◆ **The task**
Only one stretch of the data should be retyped: the lines from the line containing "京都 時期をずらして 散り始め" through the line containing "Binono YOKO F". Keep pictures out of it.

*** Opening of Task inputs ***

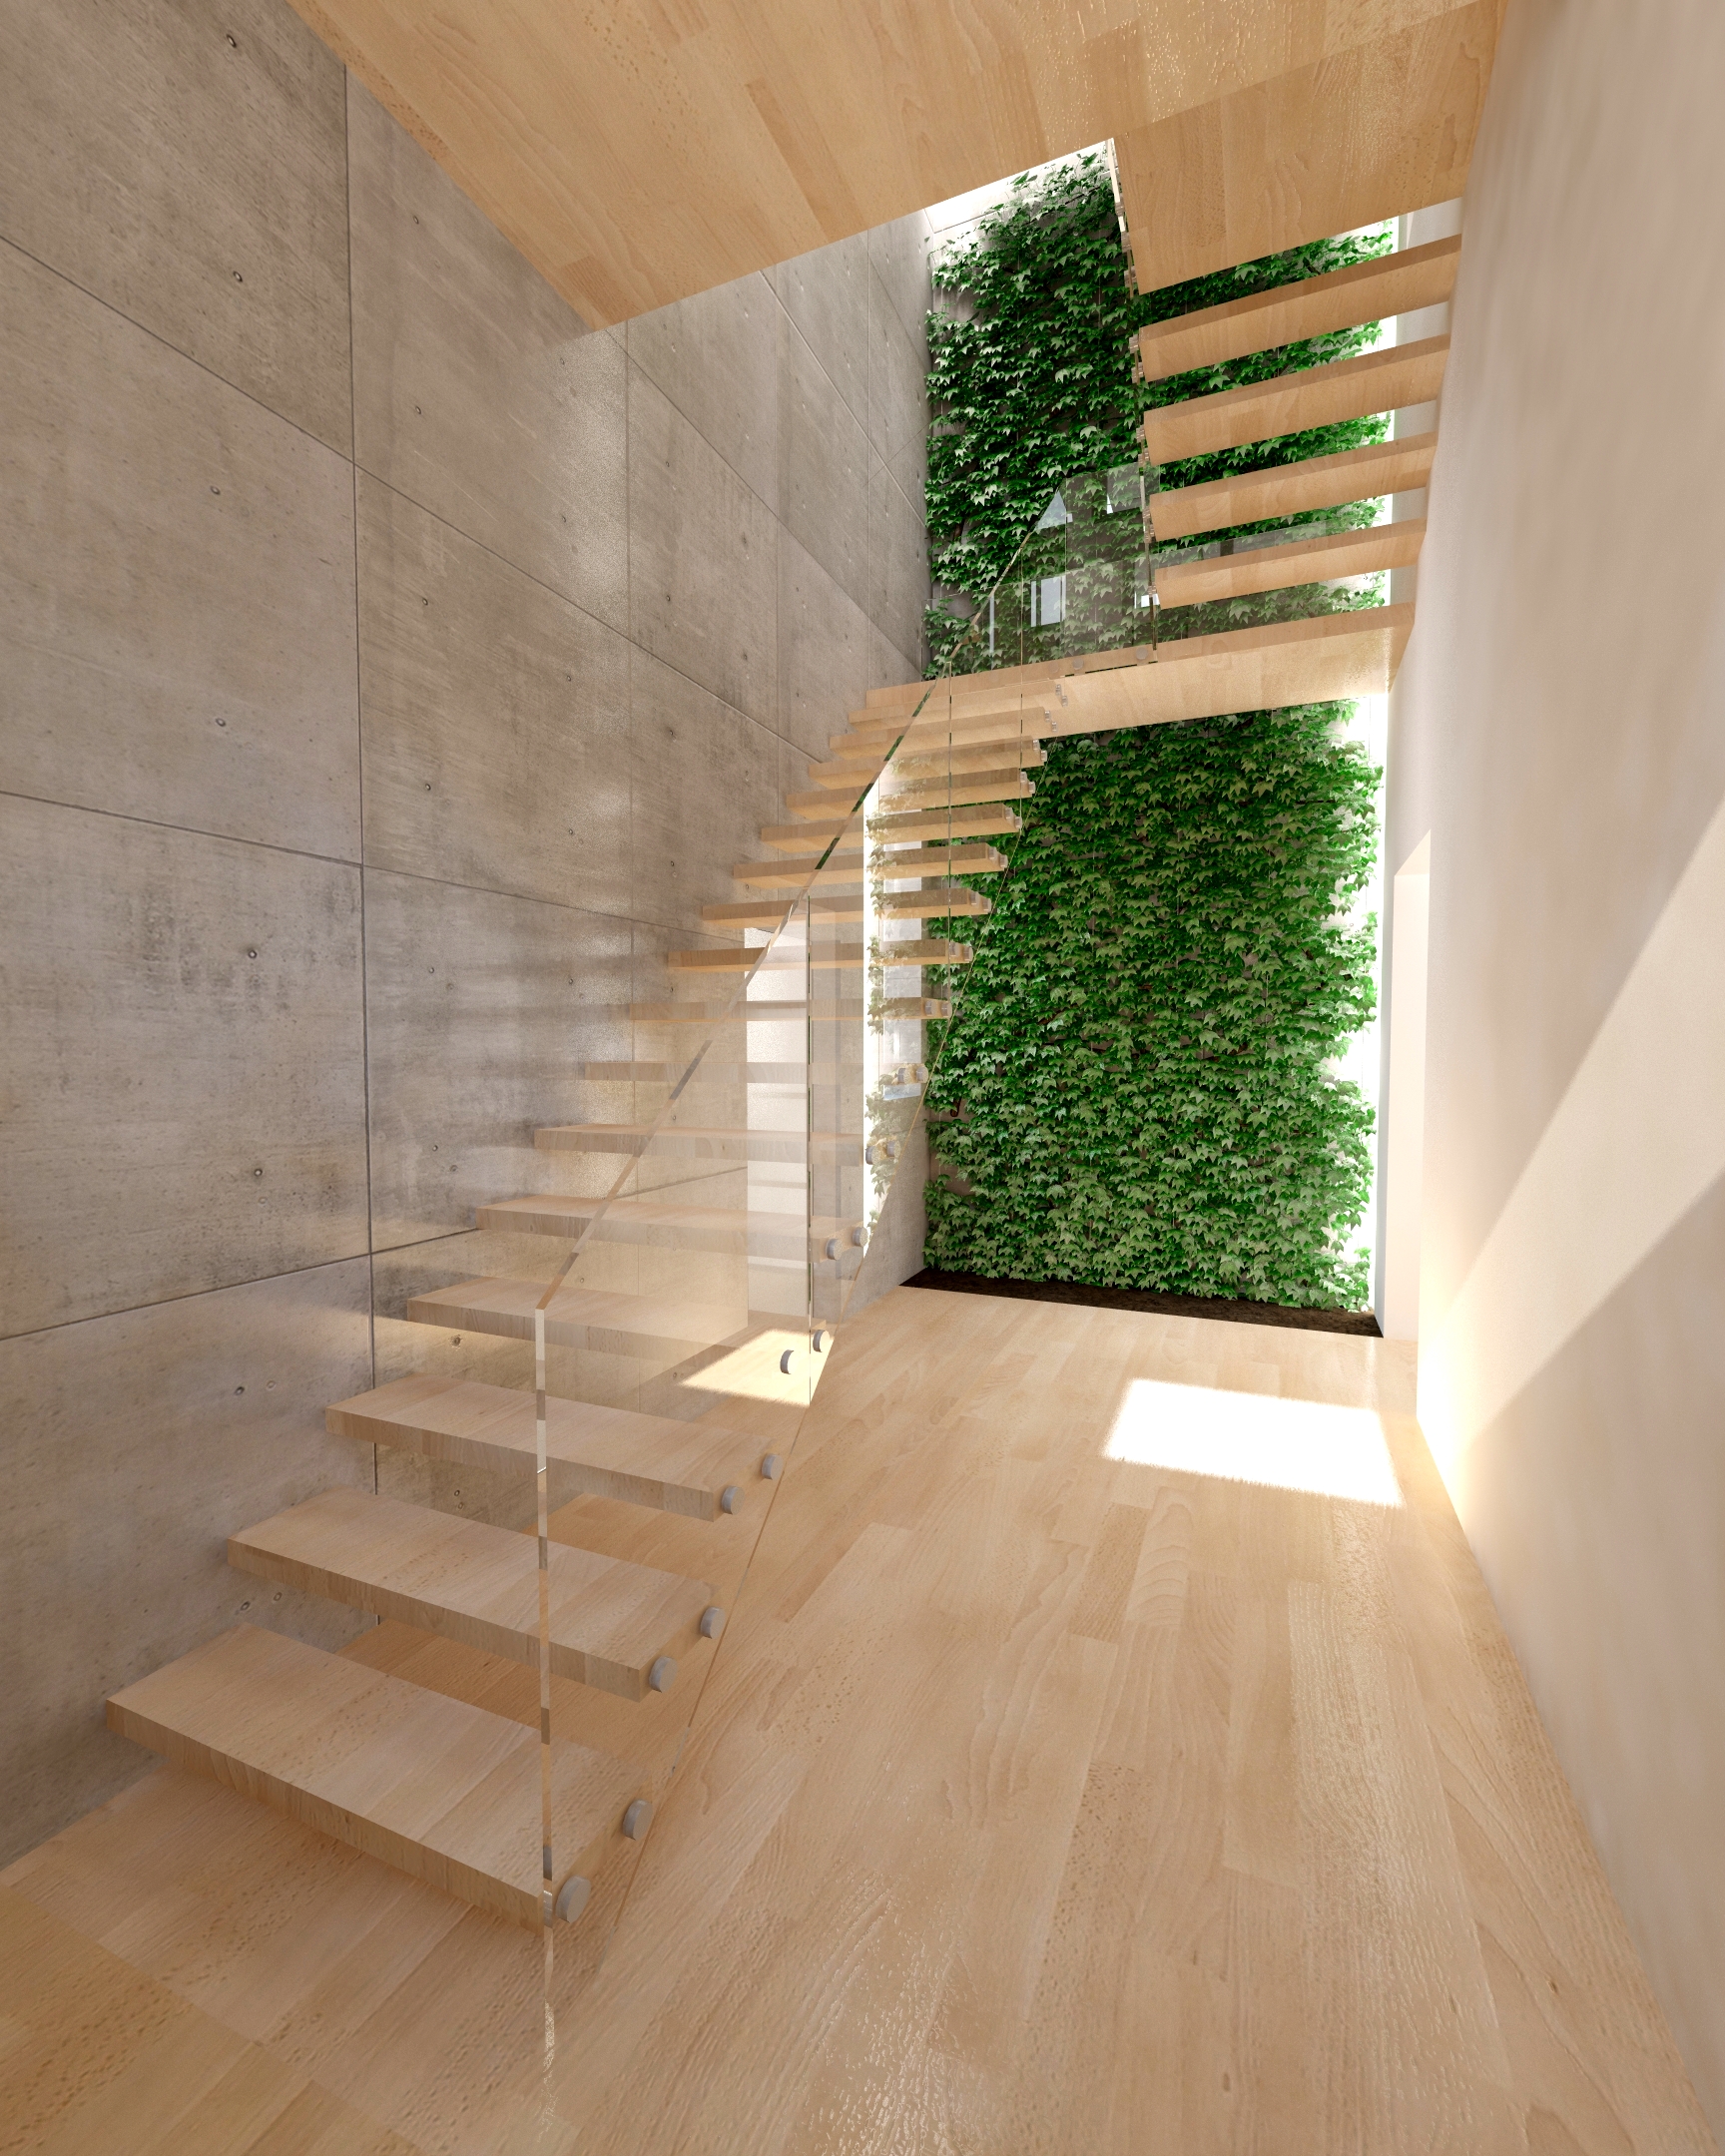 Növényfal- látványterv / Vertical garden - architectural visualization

*** Close of Task inputs ***
*** Opening of Task inputs ***

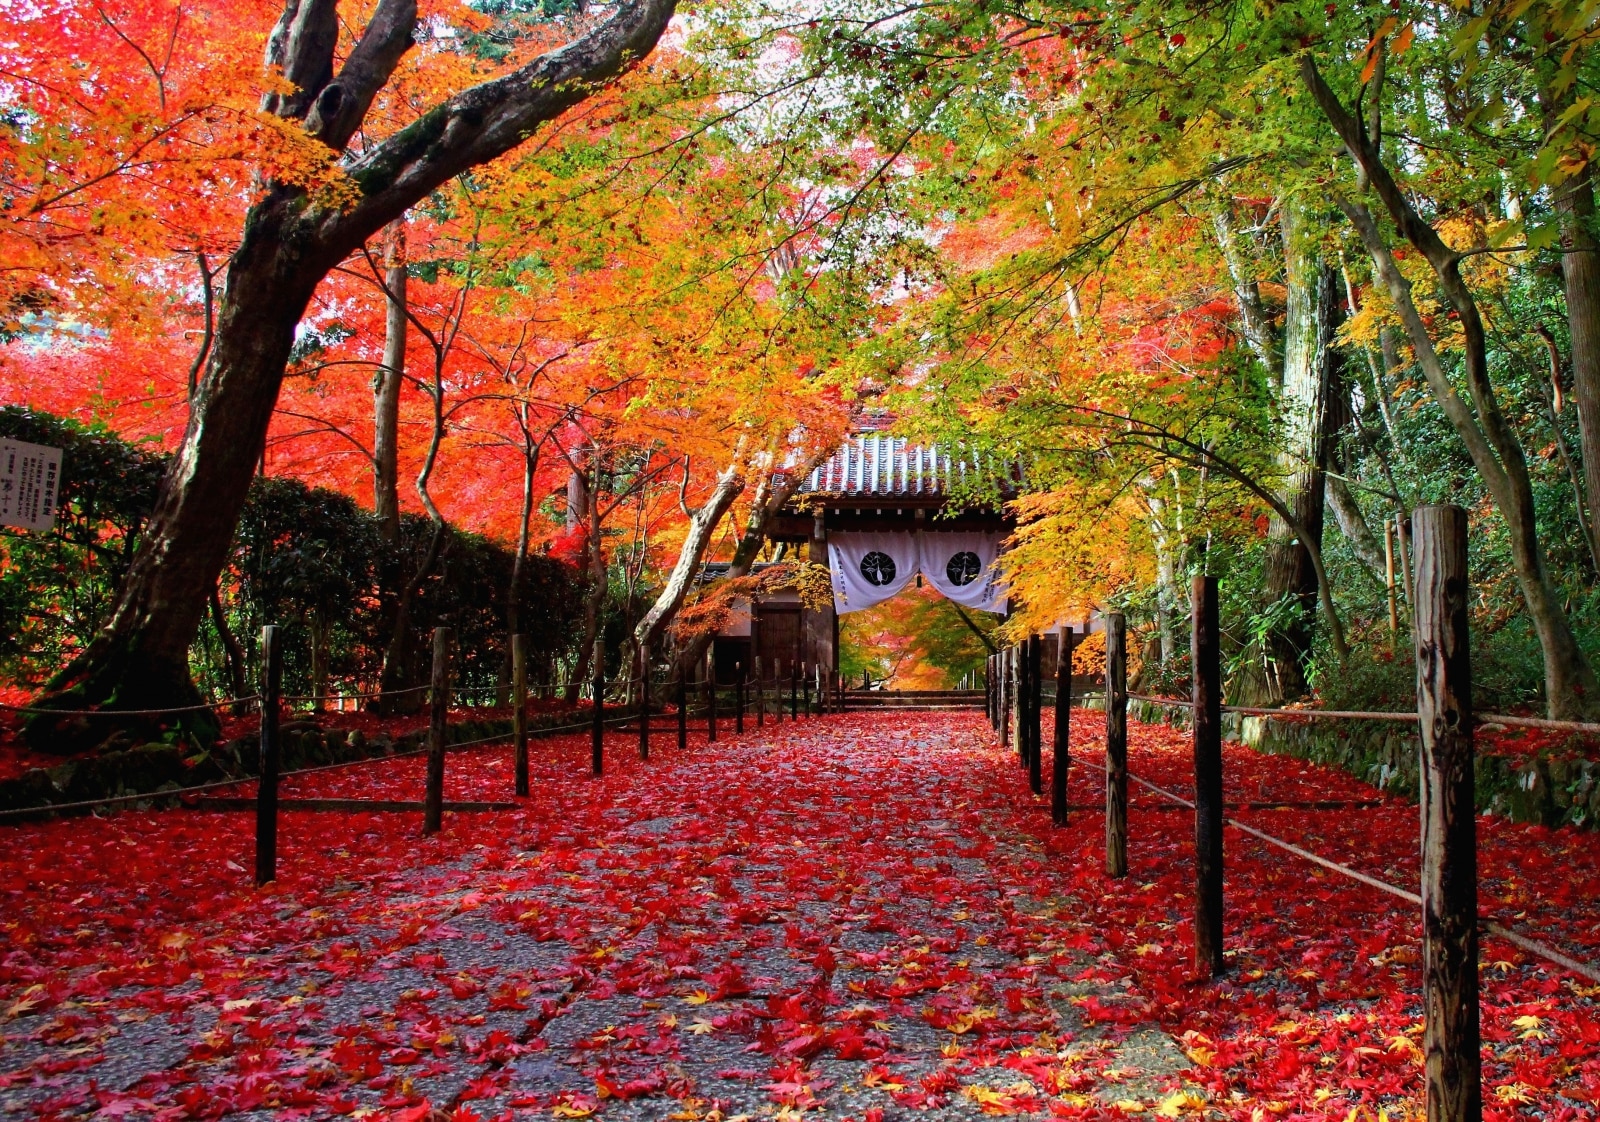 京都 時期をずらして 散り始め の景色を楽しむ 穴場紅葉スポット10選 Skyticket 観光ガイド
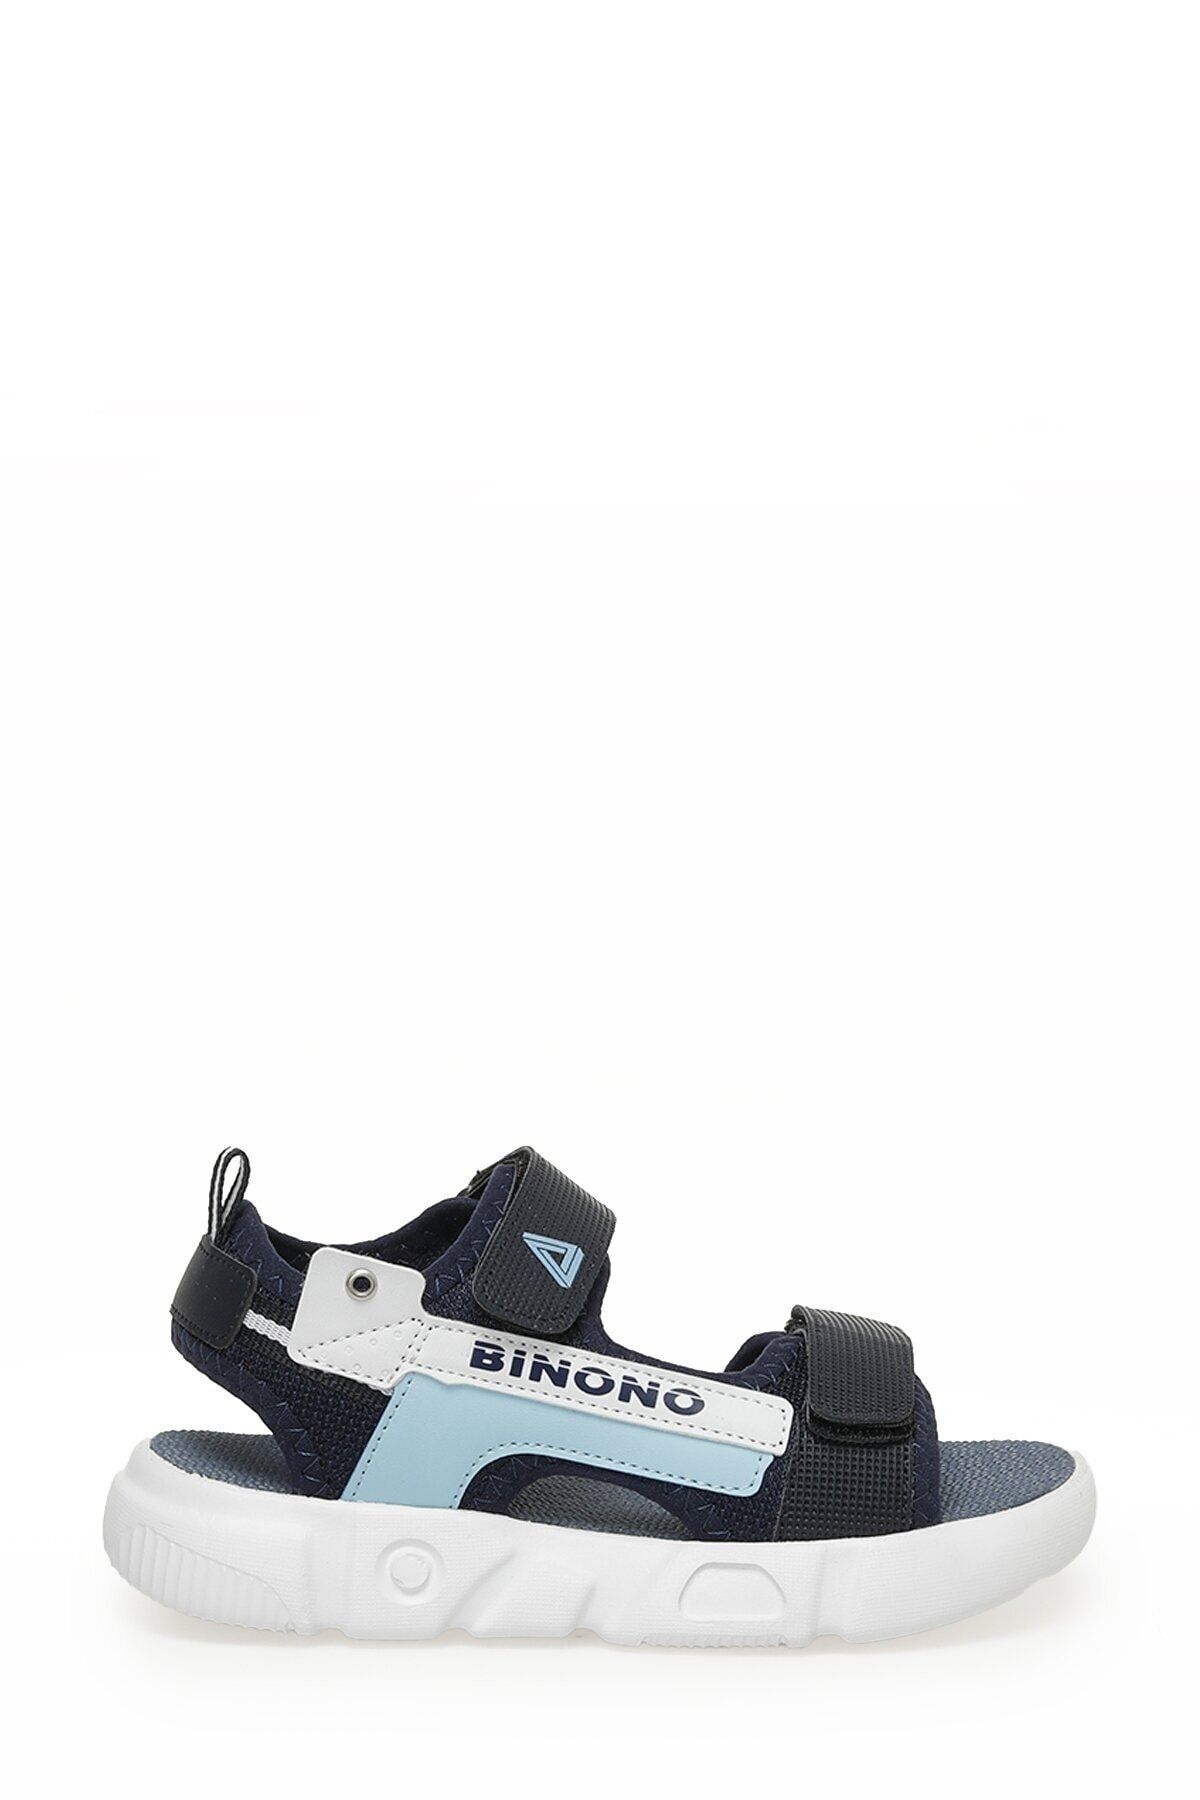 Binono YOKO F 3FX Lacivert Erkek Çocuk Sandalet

*** Close of Task inputs ***
*** Opening of Task inputs ***

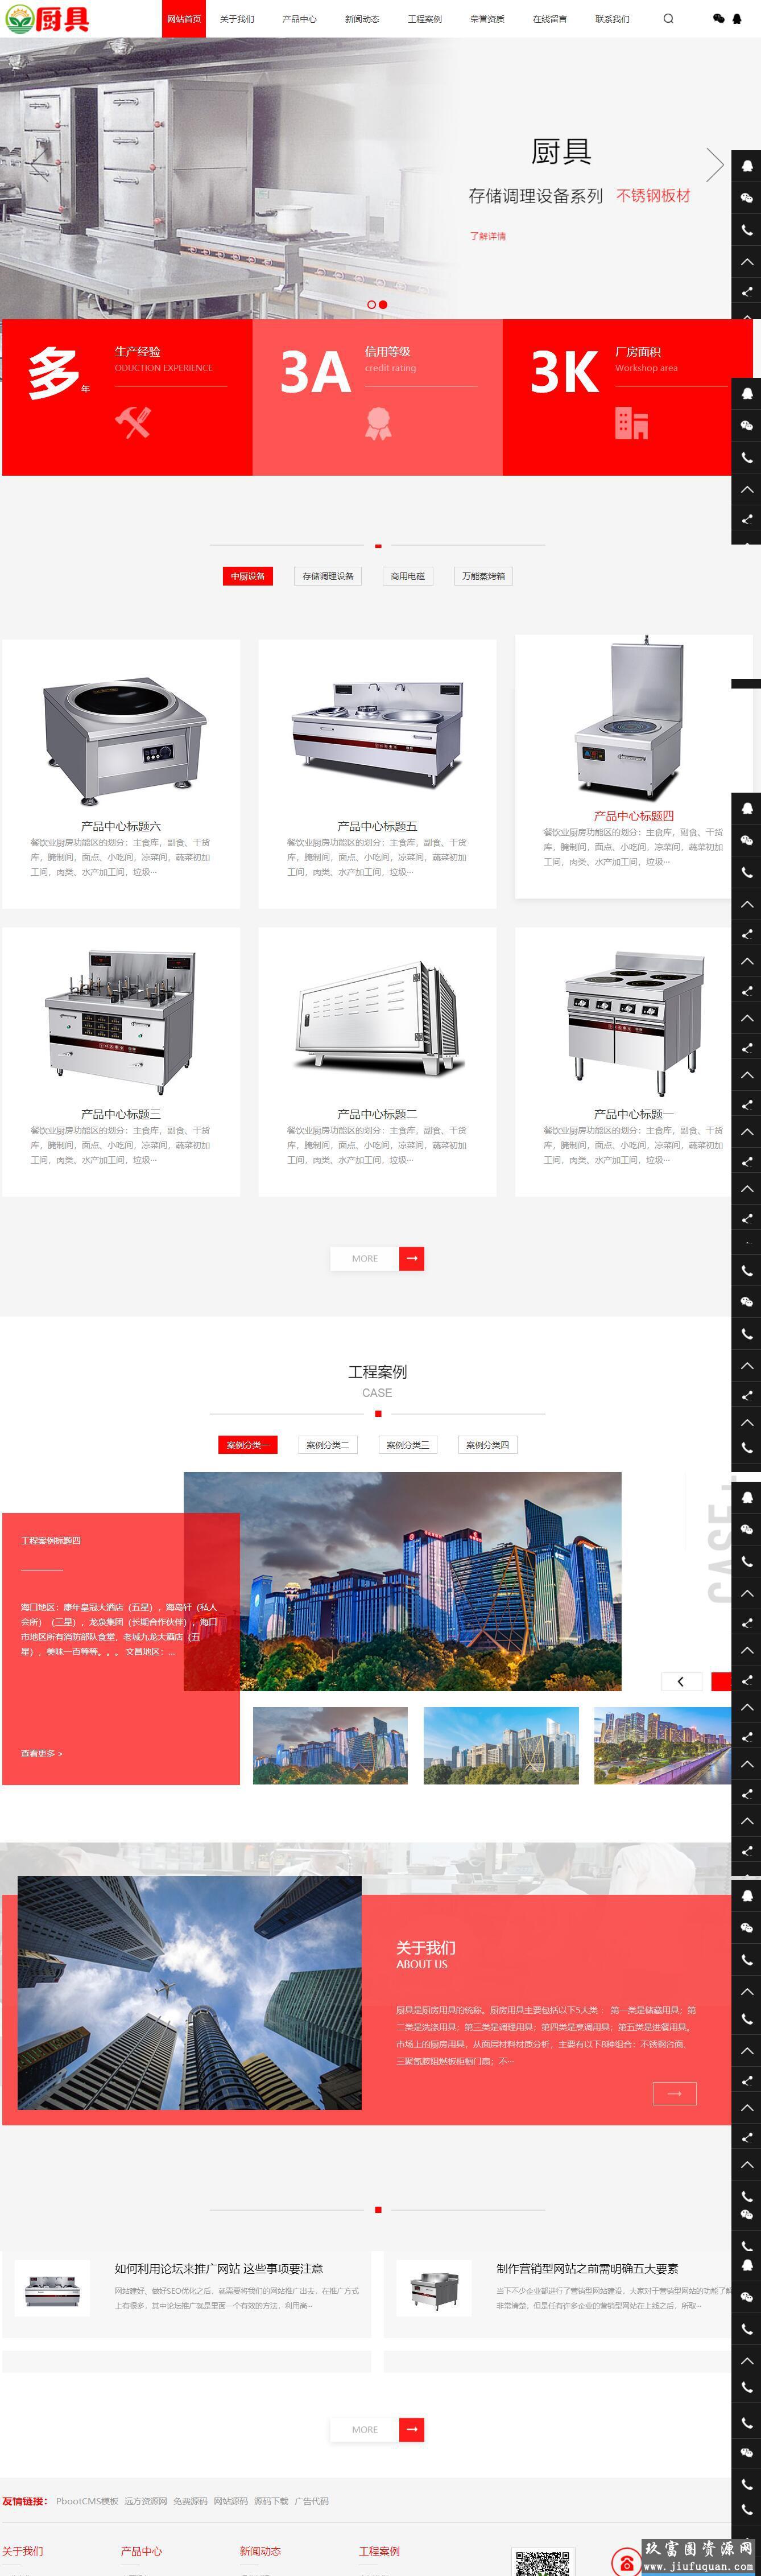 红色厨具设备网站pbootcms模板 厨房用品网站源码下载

*** Close of Task inputs ***

◆ **Solution**
 京都 時期をずらして 散り始め の景色を楽しむ 穴場紅葉スポット10選 Skyticket 観光ガイド
 Binono YOKO F 3FX Lacivert Erkek Çocuk Sandalet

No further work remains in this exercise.